О да, многие слушатели чистосердечно радовались звучанию со сцены табуированной лексики, которая и позже появлялась в текстах Псоя и других авторов: включение ранее запретного лексического пласта в литературу тогда воспринималось как знак или жест нарушения запретов, как свидетельство внутренней свободы. На концертах царило веселье с макабрическим оттенком — вот мы живы, вот мы умерли, тра-ля-ля, смешно и ничуточки не страшно. Но находились и такие, кто ощущал в песнях некоторый провал, нарушение привычной картины, в которой высокая литература — это одна координата, а обсценная лексика и телесный низ — другая, и неважно, фу-фу-фу на них или ахахахаха. В любом случае другая.

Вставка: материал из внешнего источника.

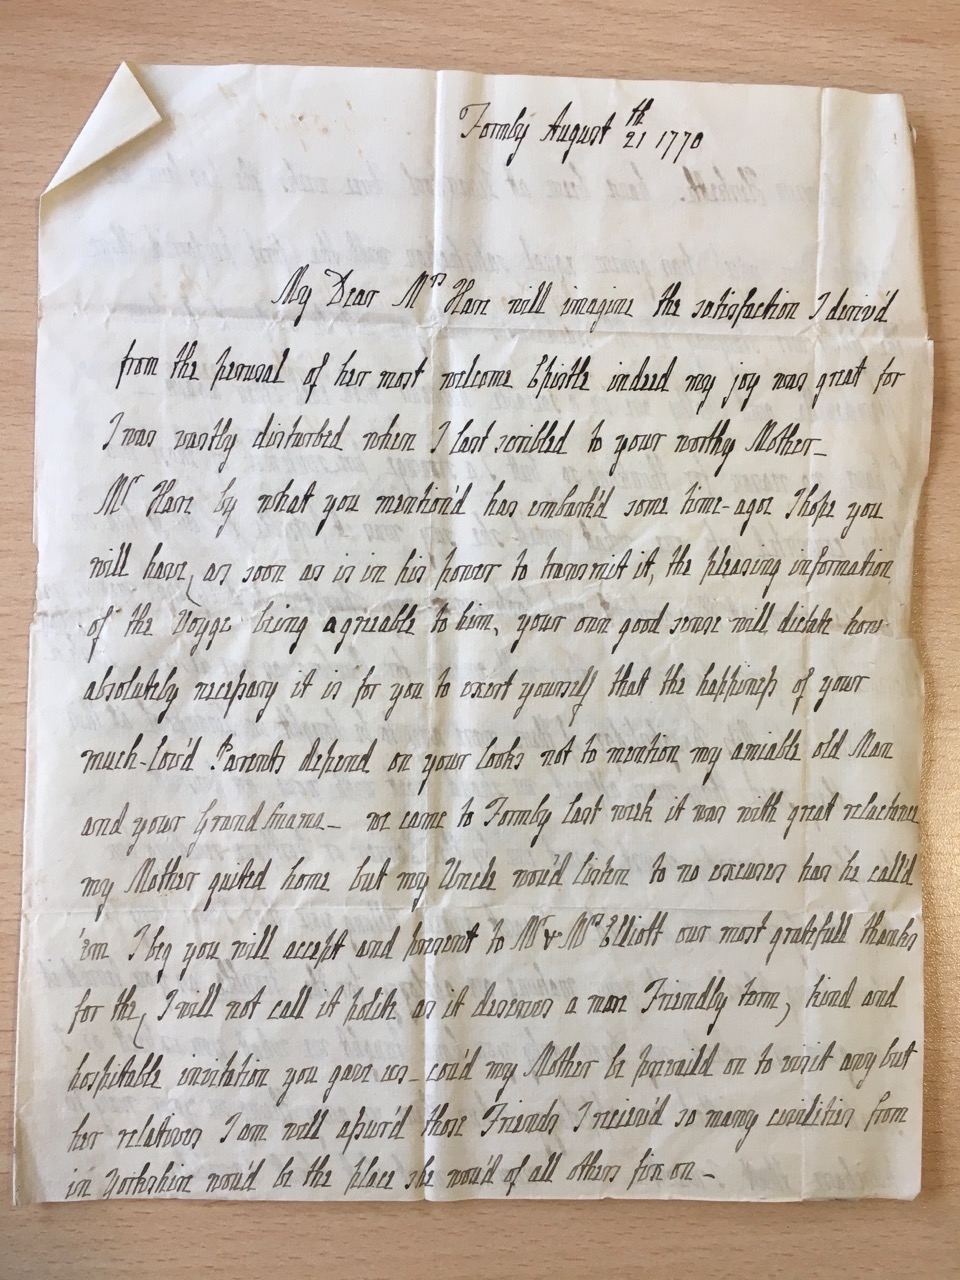 Image #3 of letter: J[enny] Brownsword to Ann Hare, 21 August 1770

Оказалось, что они могут выступать как единый эстетический комплекс.
Сейчас, когда Псоя Короленко упрекают: мол, отказался от мата в целях продвижения или чего-там-еще, а он в простоте душевной отвечает, что надо и мату дать отдохнуть, — мало кому приходит в голову, что цитат из Пушкина, Гоголя и иже с ними в песнях последнего времени тоже значительно меньше. Им тоже надо отдохнуть. Но почему автора никто не упрекает в этом?..

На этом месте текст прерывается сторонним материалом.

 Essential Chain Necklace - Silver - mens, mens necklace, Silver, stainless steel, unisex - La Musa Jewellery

…И были научные занятия, статьи, диссертация по творчеству В.Г. Короленко, и преподавание литературы, и длительная стажировка в Канзасе.
Мало кто сейчас помнит, что самой первой песней стала «Верую в Бога».

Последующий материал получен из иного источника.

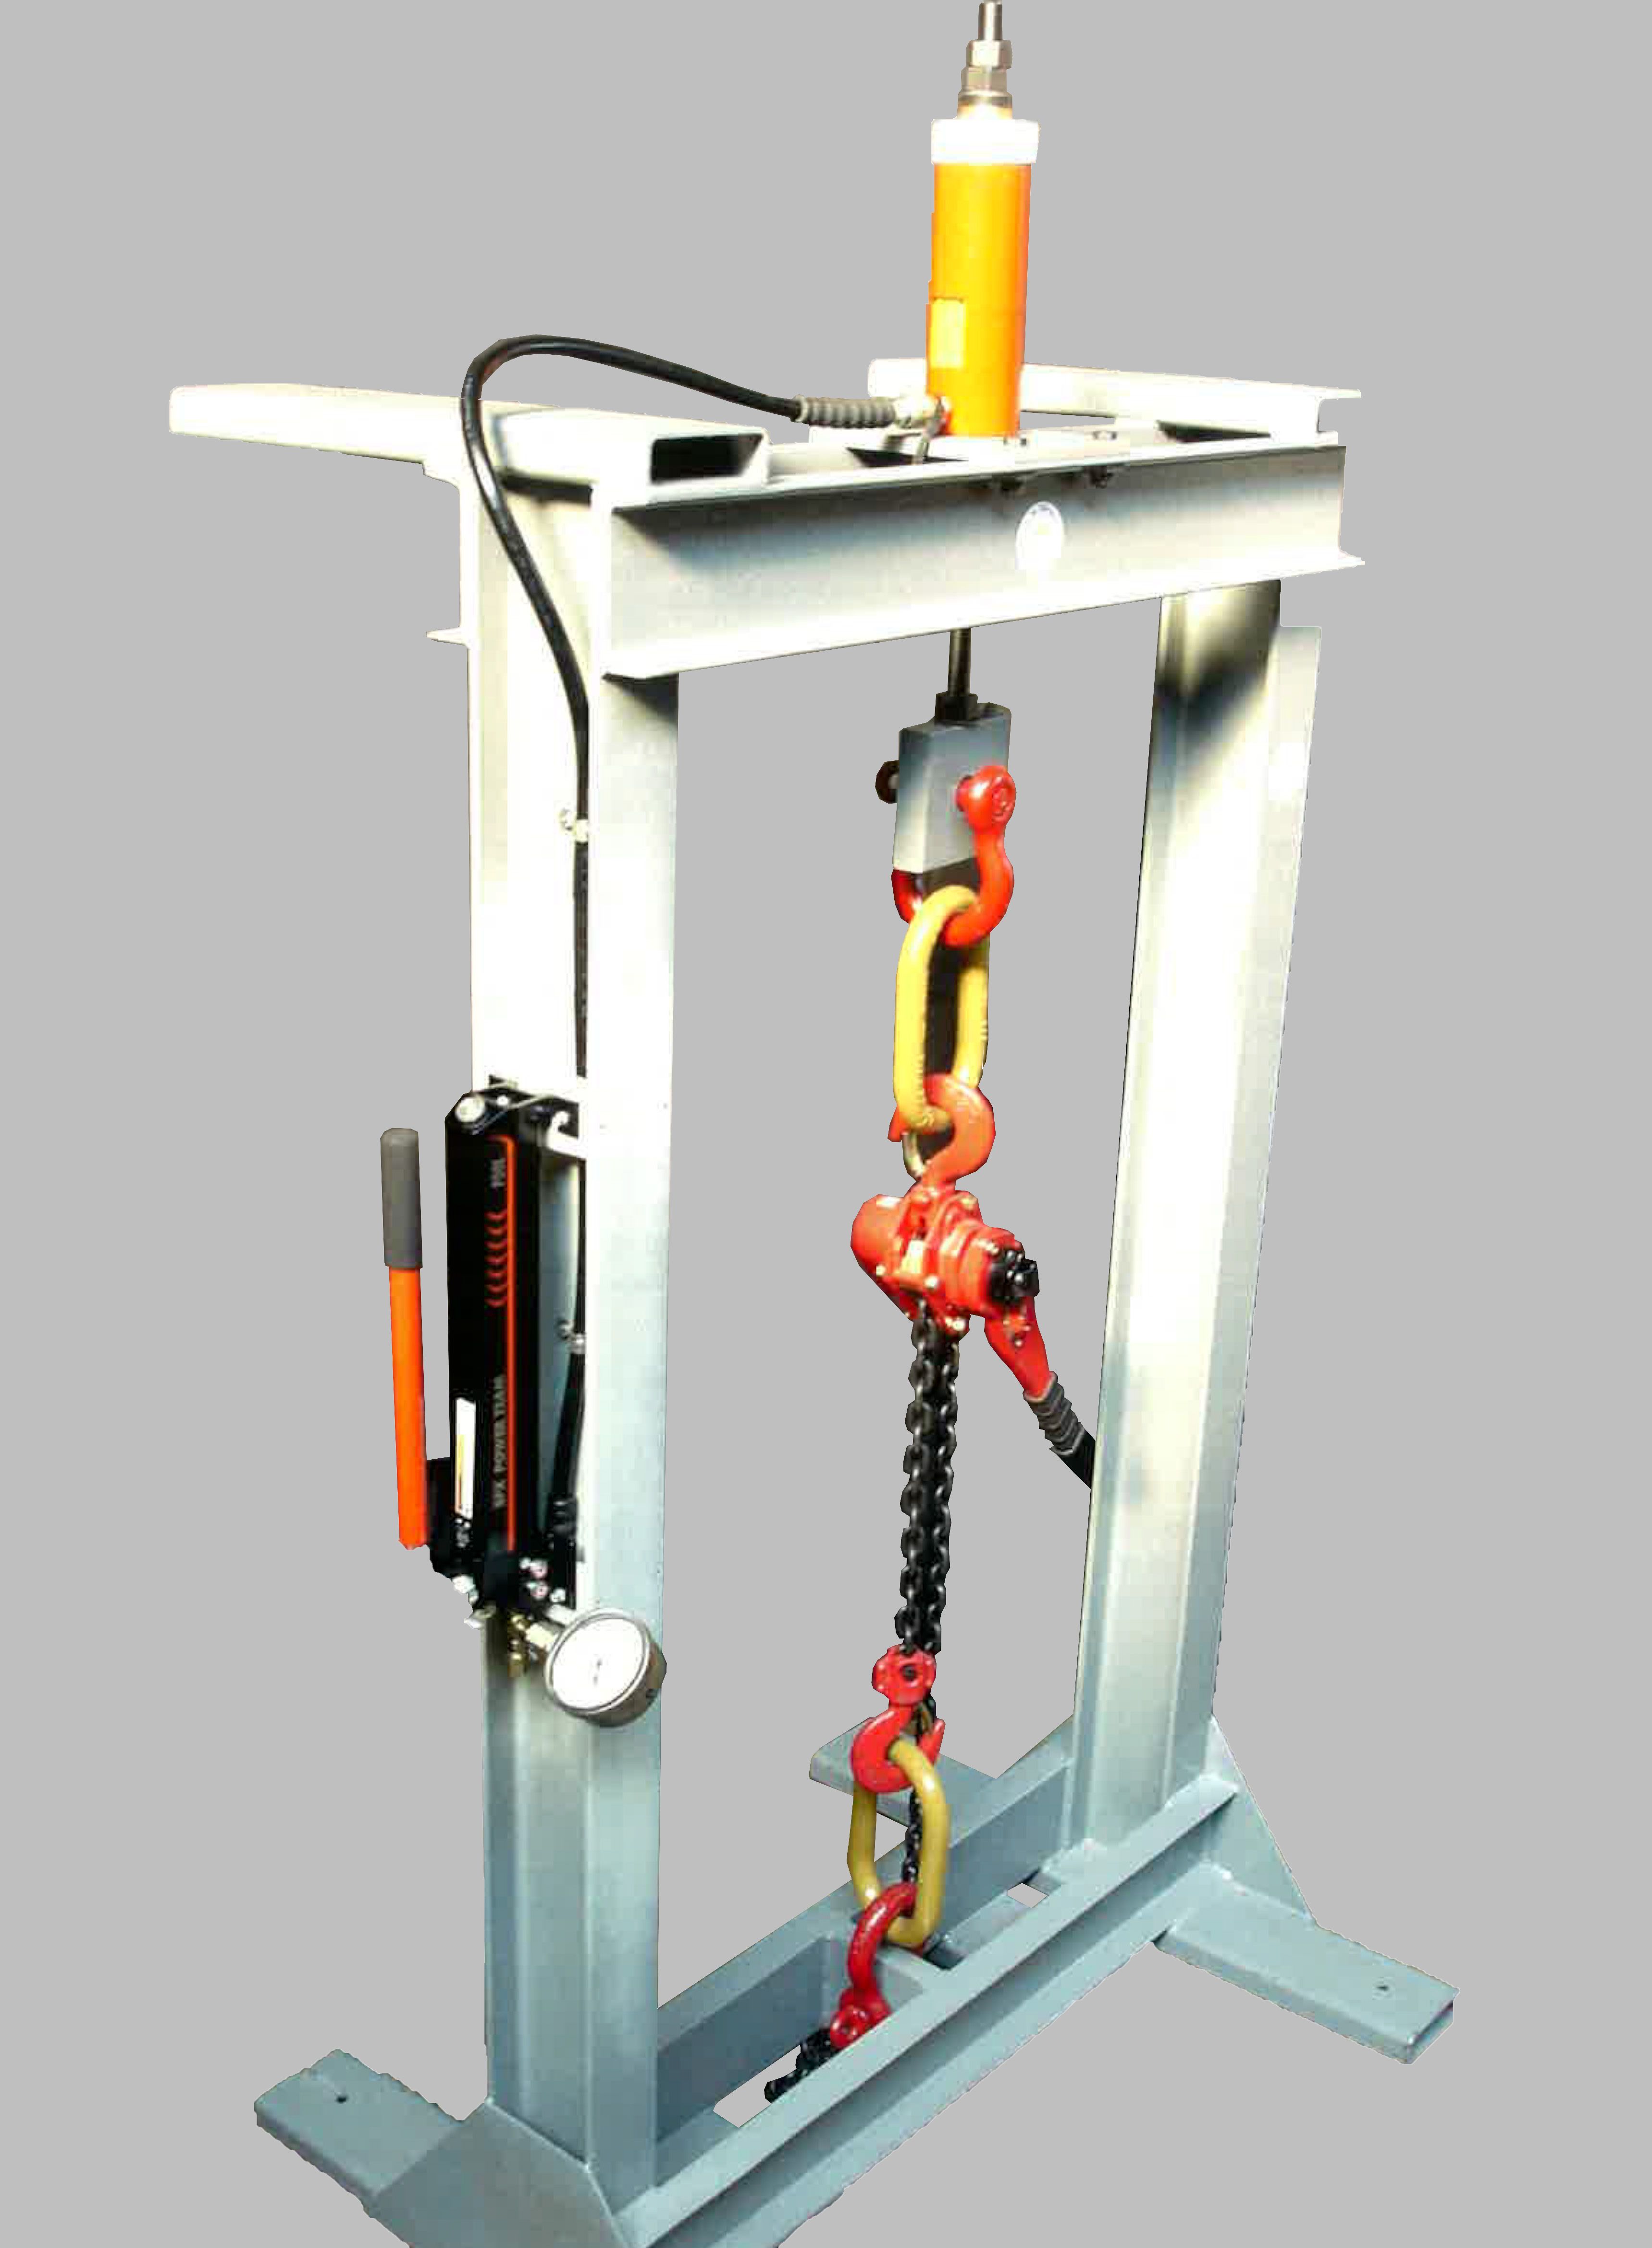 //pridetool.com/wp-content/uploads/2023/05/16-Ton-Pride-Tool-Hoist-and-Lift-Sling-Test-Stand-GrayBG.png

свято и истинно верую в Бога
крестик на шее ношу
ночью и днем я молюсь Ему много
вечером в церковь спешу
всюду встречаю одних атеистов
мне их так искренно жаль
если я вижу их близко
в сердце приходит печаль
Совсем простой текст. Наипростейший. Как будто от лица какого-то юродивого: лирическое «я» настолько не совпадает с нашими представлениями об авторе, что может быть только насмешкой над подобным социальным типом.
Ну кто всерьез, в самом деле, скажет: «Верую в Бога // Верую в Бога // Вера моя и чиста и светла // с Богом светлее дорога // с Богом не чувствуешь зла»…
У Юрия Тынянова, как известно, помимо пародийности, присутствует еще и пародичность. Это когда все элементы пародии присутствуют, но служат иной цели.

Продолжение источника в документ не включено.